Our results imply that the risks associated with EU dependencies cannot be mitigated with a one-size-fits-all policy recipe. Improving our granular understanding of strategic dependencies and global SPOFs would allow, for example, us to differentiate between products where diversification through trade policy instruments is adequate from other products where risk mitigation may instead benefit from EU capacity building. More precisely, to address EU dependencies on products for which the associated risk of an SPOF is low, EU policies should be able to fully mobilise the power of trade policy instrumentation. On the other hand, if EU dependencies experience high risks of an SPOF, support for the creation and deployment of novel technologies, stronger R&D, circularity efforts, or stockpiling can appear as more appropriate solutions to support the building of internal EU capacity through industrial and innovation policies.

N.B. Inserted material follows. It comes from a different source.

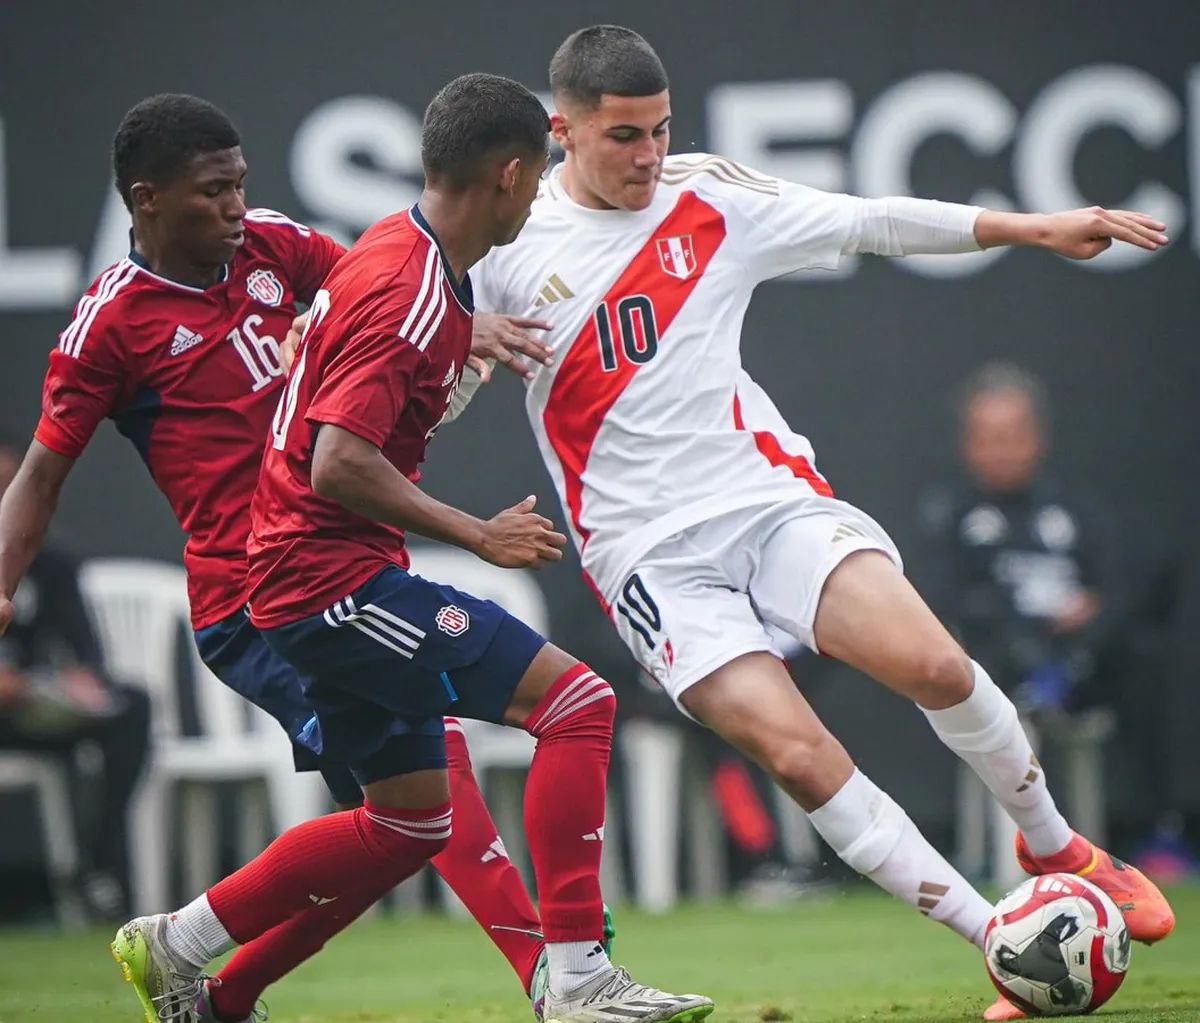 La Selección Peruana Sub-20 venció a su similar de Costa Rica en partido de preparación para el sudamericano

Against this backdrop, over recent years the EU has equipped itself with a set of policy measures to curb its strategic dependencies. In the case of raw materials, where EU dependencies are prominent, the recently adopted Critical Raw Materials Act (2023) has the goal of fostering the EU's access to a secure, diversified, affordable, and sustainable supply of such materials, supporting a greater EU capacity for extraction, processing, and recycling. The European Chips Act (2022) and the Net-Zero Industry Act (2023) aim at accelerating the EU’s manufacturing capacity in chips and solar panels, respectively. These initiatives secure a central position for accurate and relevant monitoring tools capable of accurately measuring and disentangling strategic dependencies. Such tools should also be able to identify single points of failure within supply chains and thus provide early warning signals of potential supply chain disruptions.